“How much do we really want to play in this game? How much do we want to use this land for container shipping versus other uses?”

Puget Sound ports facing challenges

The U.S. economic slowdown has cut the demand for Asian imports, reducing container traffic, and competition from other West Coast ports is heating up.

By Drew DeSilver
Seattle Times business reporter

Like one grazing brontosaur after another, the giant cranes lined up at the ports of Seattle and Tacoma to pluck multicolored shipping containers from massive cargo ships. The steel containers, filled with everything from electronic gadgets to running shoes, are as likely to travel to Chicago as Chehalis; once they’re gone, hundreds more sitting in nearby yards will be loaded and shipped the other way, to Asia.

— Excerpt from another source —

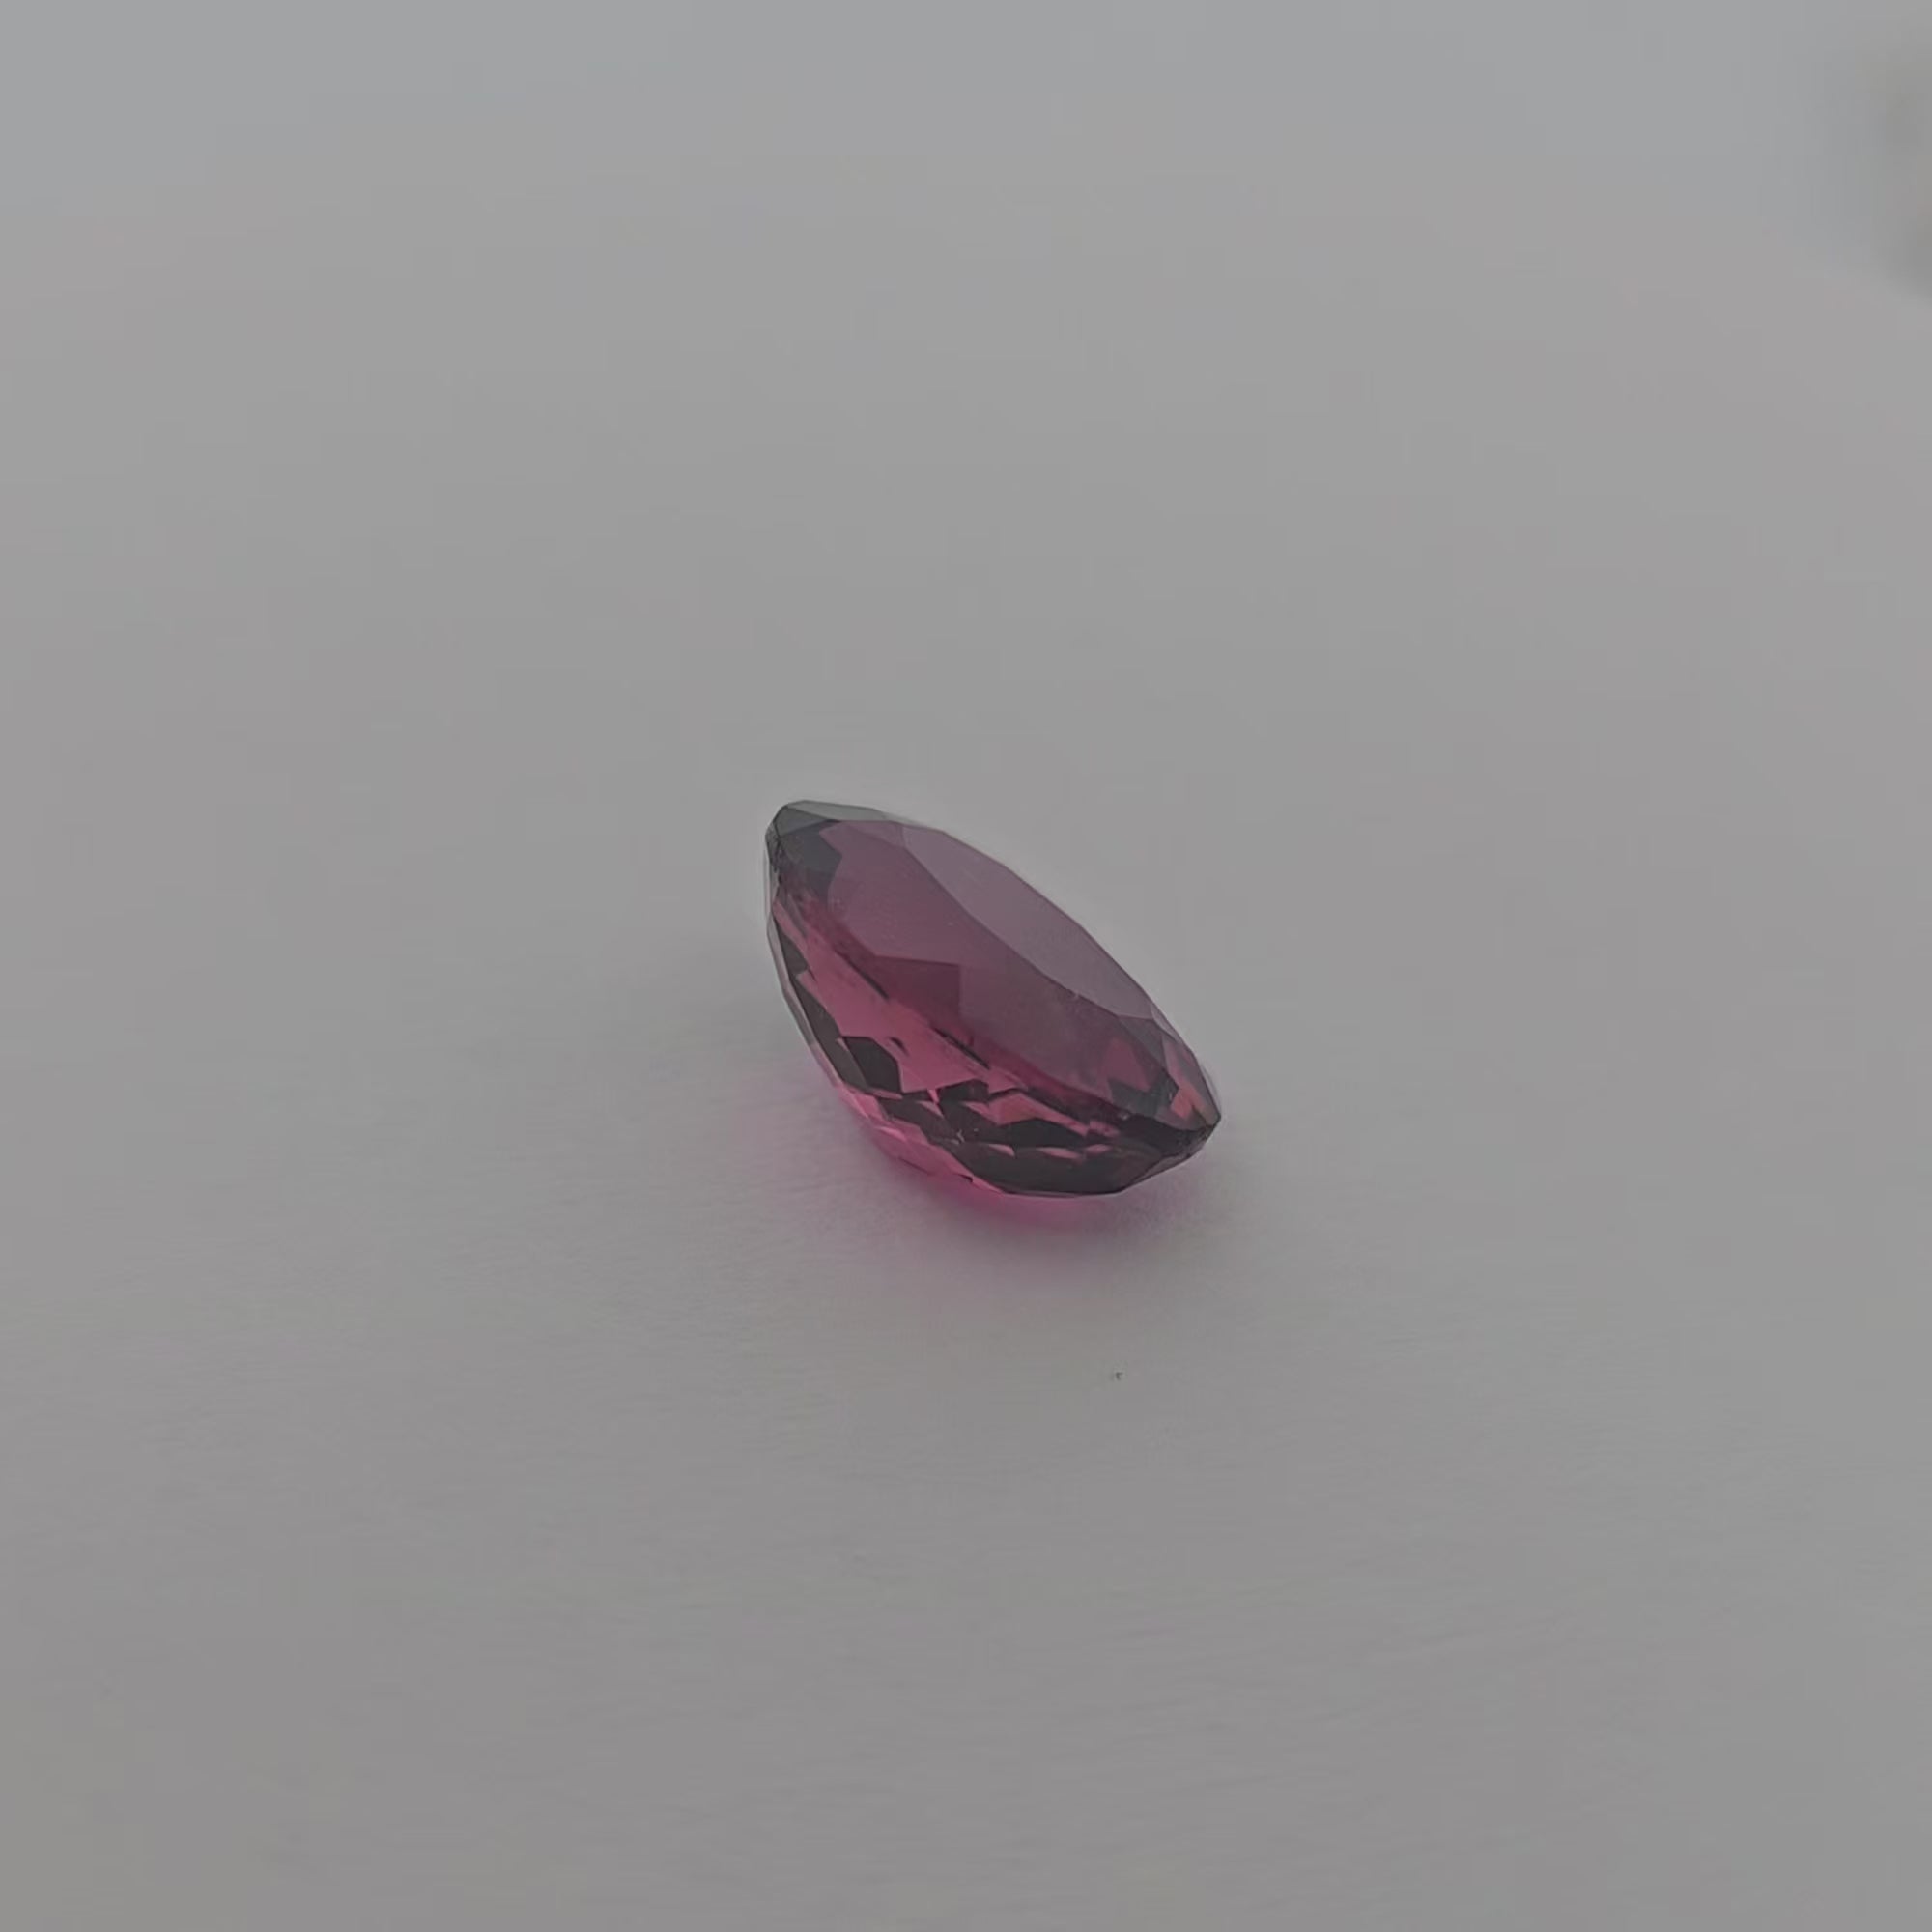 loose Natural Pink Tourmaline Stone 5.12 Carats Oval Shape (12.1 x 10.1  mm)

By year’s end, nearly 4 million TEUs of cargo will have moved through the ports of Seattle and Tacoma. (TEU stands for 20-foot-equivalent unit, a standard measurement of containerized cargo; one TEU can hold 43,500 apples, 8,928 frozen chickens or 616 Christmas trees.)

Together — which is how people in the shipping business often think of them — the two Puget Sound ports are the third-largest container center in North America, and the second-largest on the West Coast.

But the activity is deceiving. The two ports face both immediate and longer-term threats to their plum positions in West Coast shipping — and to the thousands of well-paying jobs each port directly and indirectly supports.